Like an elephant stampeded by a mouse, the United States is being driven toward increased danger by the fear that North Korea or Iran could soon acquire nuclear-armed missiles capable of reaching this country. A U.S. national missile defense system is in development, and a deployment decision on a "thin" defense against a small number of missiles is scheduled for July 2000.

The desire for both prestige and bargaining leverage may motivate North Korea and Iran to acquire intercontinental ballistic missiles. But these missiles are unlikely vehicles for a deliberate nuclear attack--unless a country wants to commit suicide. The attacker's identity would be far easier to conceal if a boat or civilian aircraft were used.

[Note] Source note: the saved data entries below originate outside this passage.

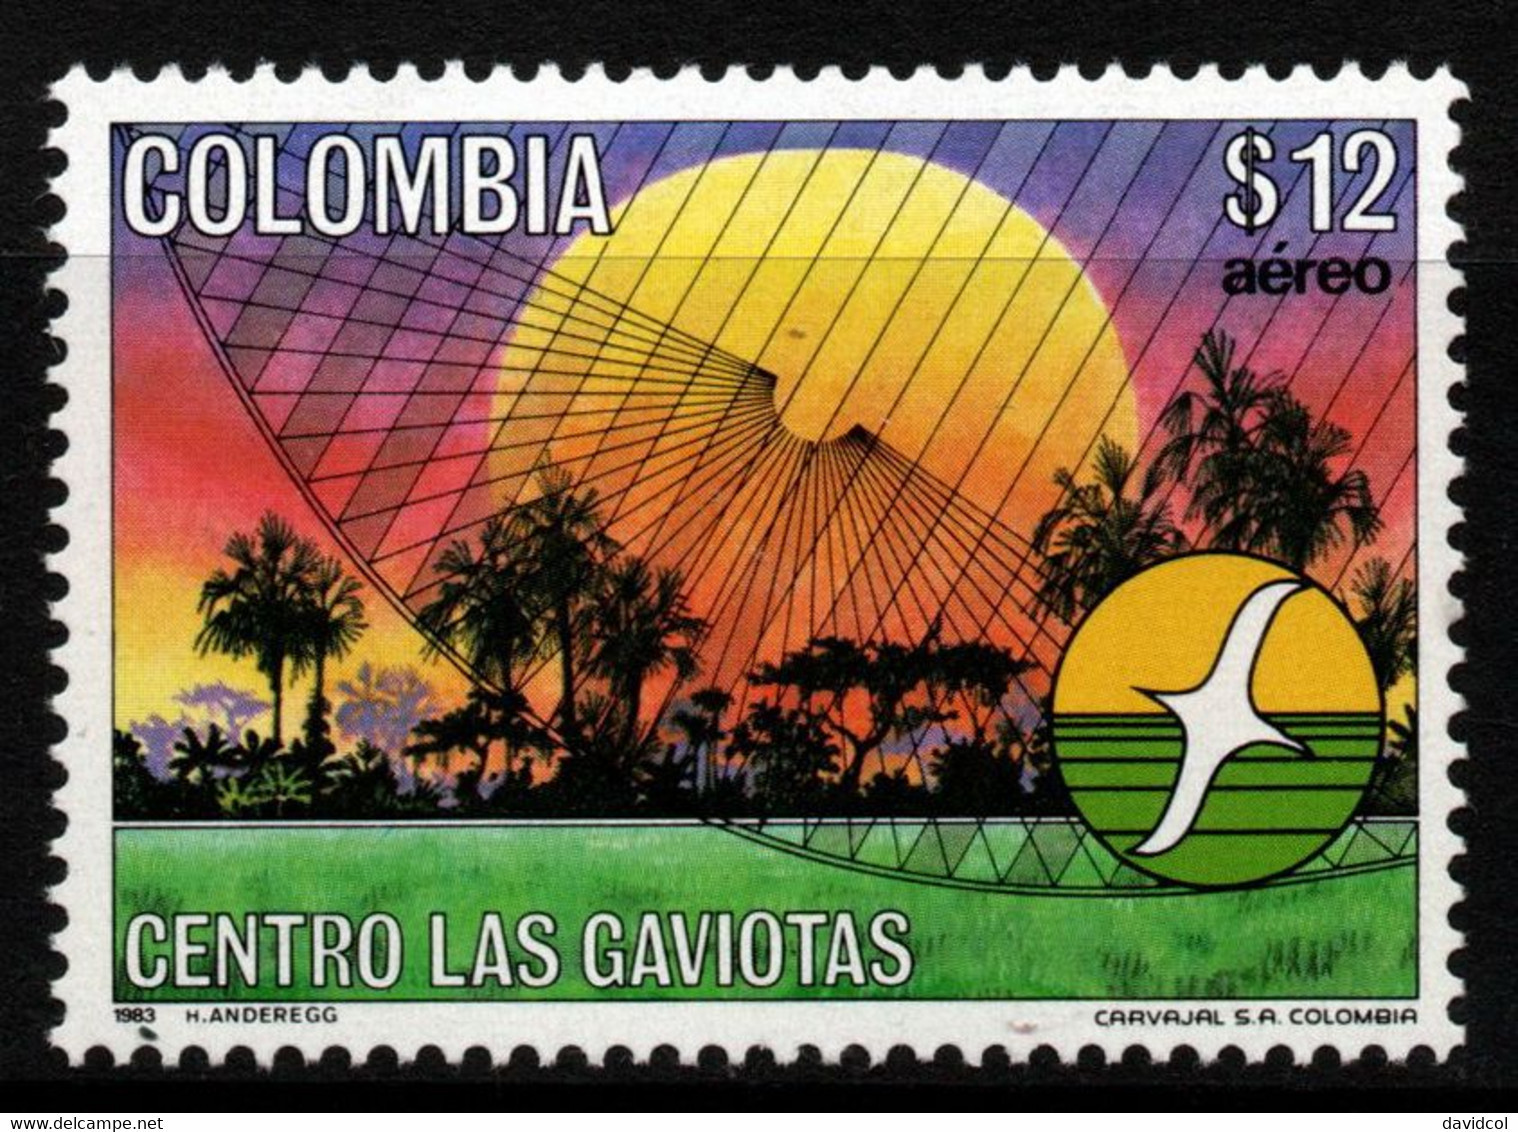 03- KOLUMBIEN - 1983- MI#:1611- MNH- “LAS GAVIOTAS” CENTER - Kolumbien
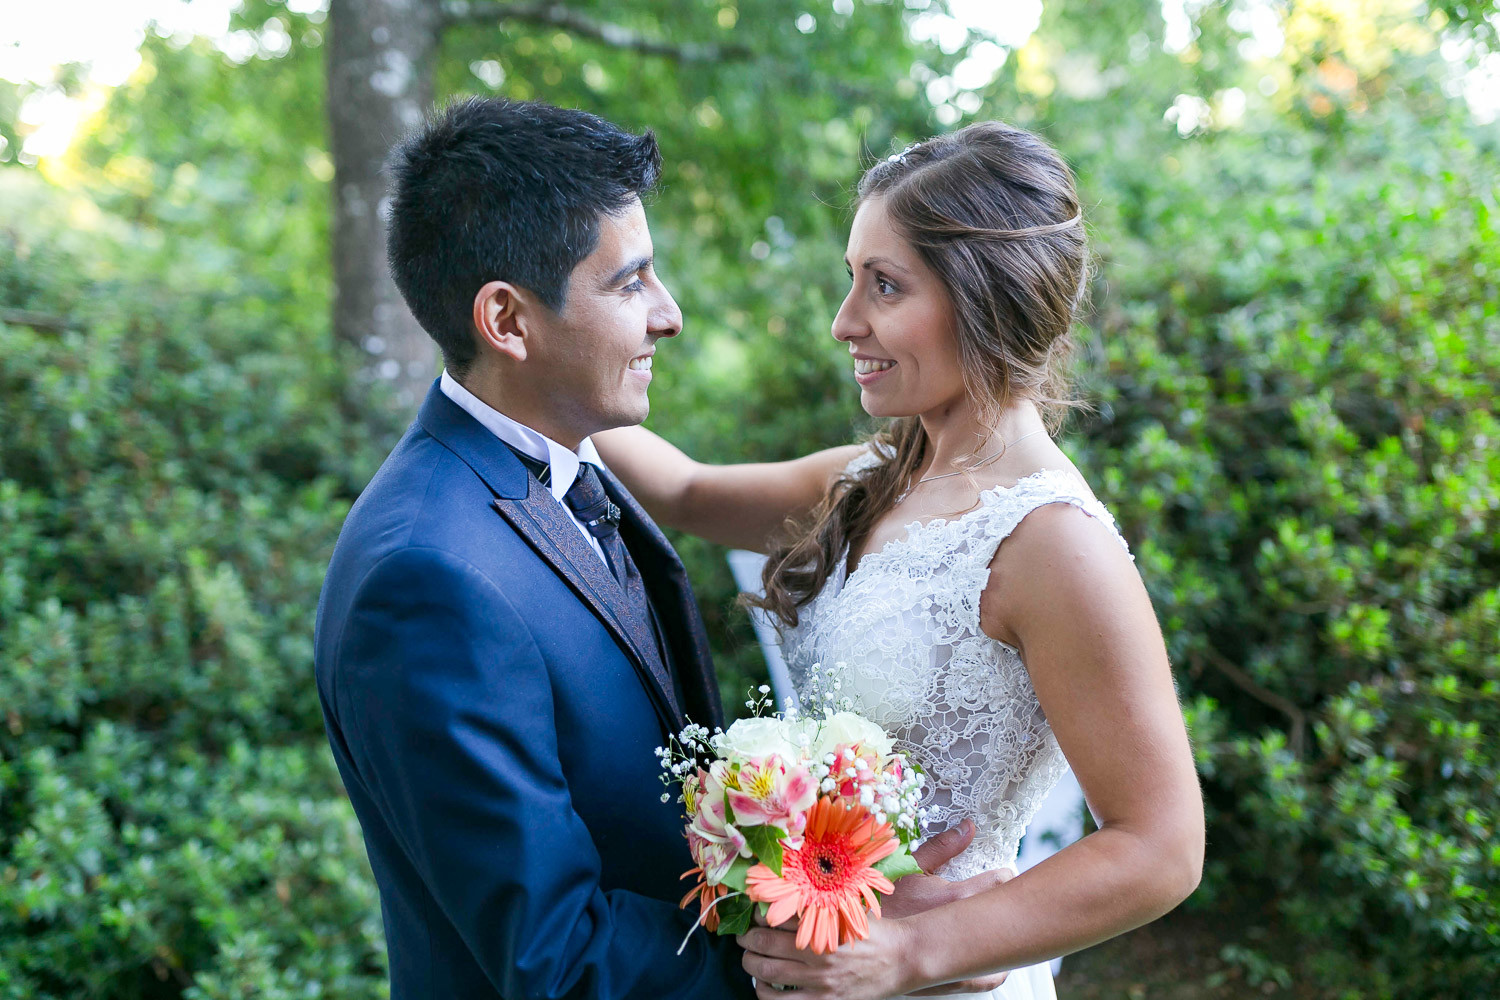 pareja de novios en el dia de su boda el hombre vistiendo un traje de novio color azul marino y la mujer con vestido de novia blanco y ramo de flores en manos
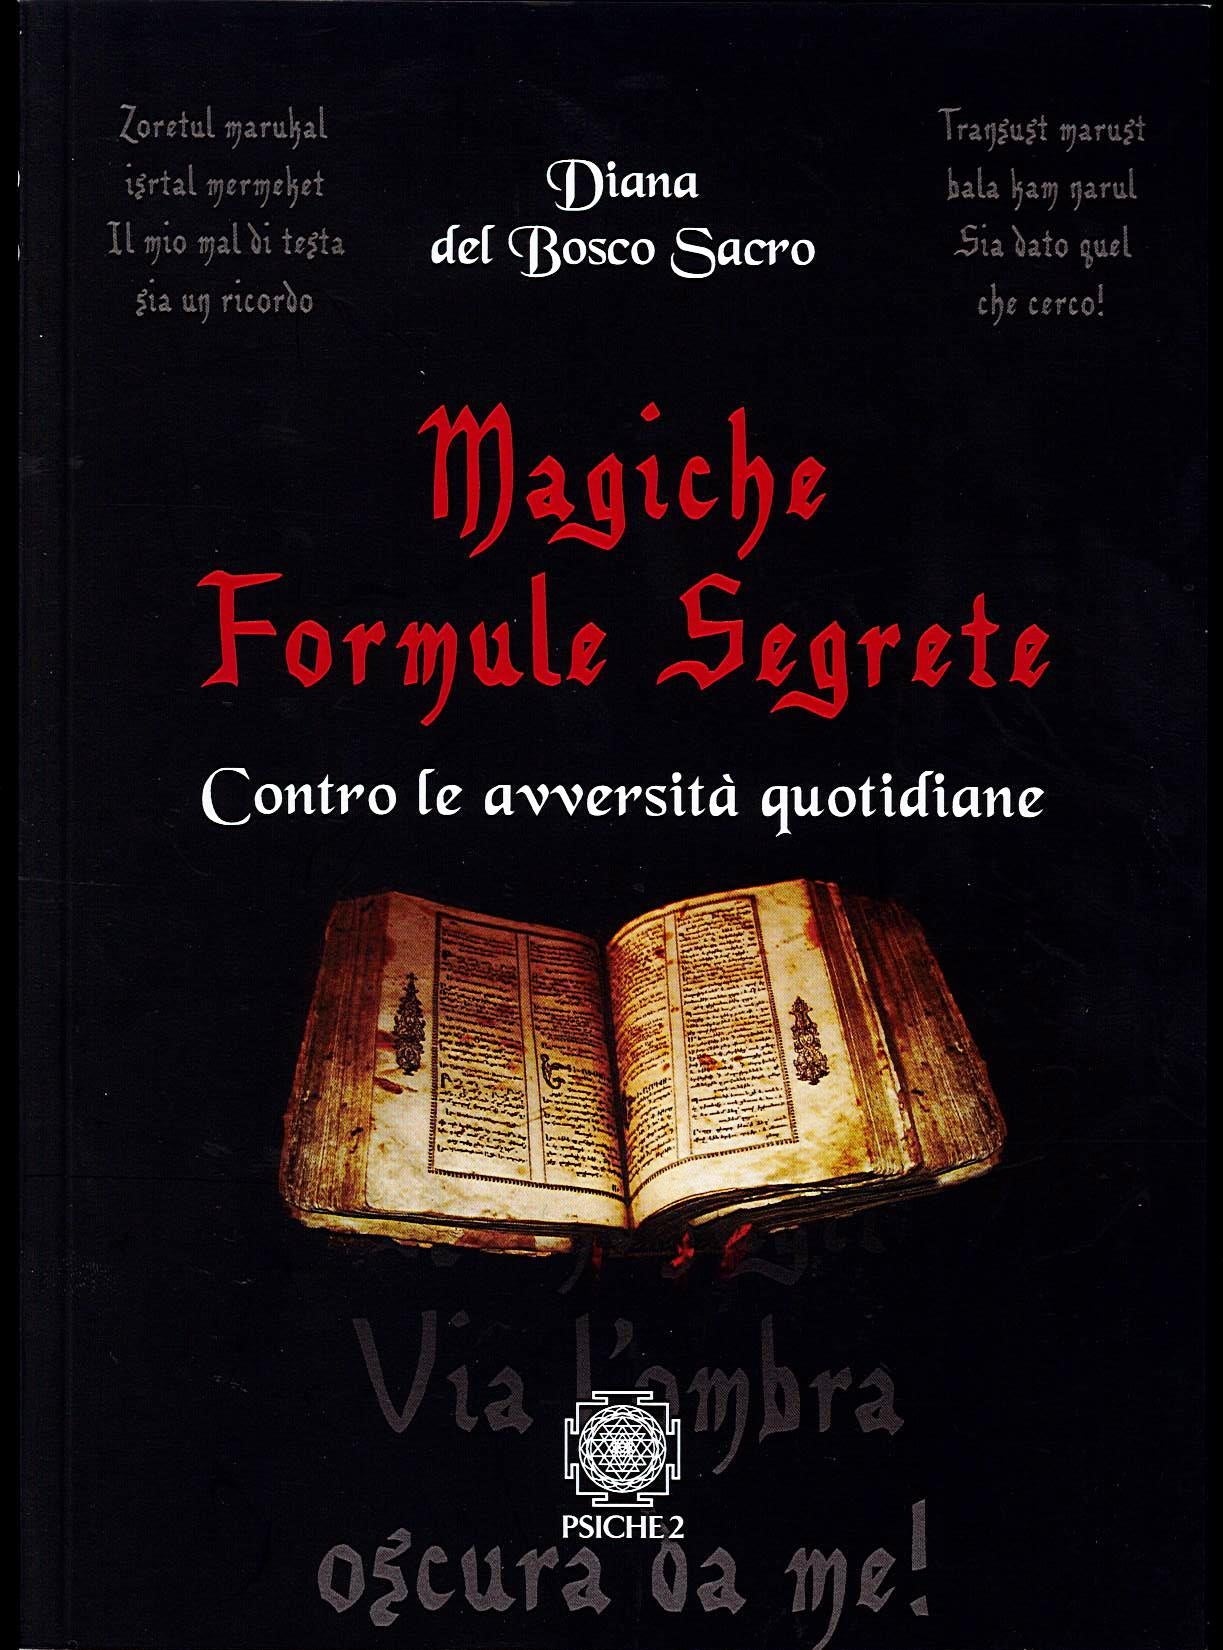 MAGICHE FORMULE SEGRETE - Diana del Bosco Sacro

It might make sense to invest in a missile defense "just in case"--if the costs were only monetary. But as Chinese, Russian and West European officials have warned repeatedly and publicly in recent months, U.S. deployment of a national missile defense would have more far-reaching consequences.

China's military has noticed that the first antimissile base, proposed for Alaska to intercept a potential future threat from North Korea, is also positioned to shield against China's small intercontinental missile force. The Chinese government fears that this might give the United States more freedom to back Taiwan if that island were to declare independence.

China's response to a deployment decision would likely be to build more nuclear-armed missiles capable of reaching the United States. This would move the United States toward a large-scale missile confrontation with China similar to the one with Russia which we are finding so difficult to dismantle.

Russia's military, meanwhile, is worried about the vulnerability of its land-based missiles to attacks by an expanded NATO equipped with the precision-guided non-nuclear missiles and bombs demonstrated in Iraq and Yugoslavia. This insecurity is compounded by the fact that Russia can no longer afford to keep its ballistic-missile submarines hidden at sea. Russia's missile generals see the proposed U.S. system as a first step toward construction of a shield against the small retaliatory strike that Russia could mount after a U.S. first strike.

To ensure that any American missile defense could be overwhelmed, Russia would keep as many nuclear warheads on hair-trigger, launch-on-warning alert as possible. This would increase the risk of an accidental or unauthorized Russian launch, arguably already the greatest threat to U.S. national survival.

Ironically, standard military worst-case assessments of a U.S. national missile defense by the Russian military could evoke these reactions even if more realistic analyses indicated that the missile defense would be unlikely to intercept even a few warheads. (Although a U.S. missile defense could eventually be tuned to work against U.S. target test missiles, few experts believe it would work the first time against foreign missiles equipped with even simple countermeasures.)

If the United States deployed missile defenses, Chinese and Russian missiles would certainly be equipped with countermeasures. As a result, even a few missiles, launched accidentally or without authorization, could penetrate the system. This simple fact has, in the past, sufficed to convince the United Staes that it would be pointless to deploy missile defenses.

Negotiating a START III agreement with Russia would be a far more effective way to reduce the nuclear threat to the United States. Such an agreement would allow almost 4,000 Russian missile warheads to be removed from their launchers by the end of 2007.

This comparison between missile defense and negotiated reductions illustrates the difficult truth that each American administration has had to relearn: The most effective protection against nuclear weapons is to strengthen the nuclear nonproliferation and disarmament regime in cooperation with other like-minded nations. As both Russia and our West European allies have emphasized, these cooperative efforts would most likely be derailed by a U.S. decision to go it alone in pursuit of illusory defenses.

Bill Bradley has thus far been the only presidential candidate to warn against a precipitous decision on national missile defense. He has also broken ranks by advocating that the United States respond to Russia's concerns about the unequal impact of START II by agreeing to begin negotiations on deeper START III cuts.

Other national politicians should follow Bradley's example and think again about the momentous choice between missile defense and missile reductions. If they do not, the undoing of post-Cold War reductions of the nuclear danger is all too predictable.

Philipp Bleek is with the Federation of American Scientists. Frank von Hippel is a professor of public and international affairs at Princeton University.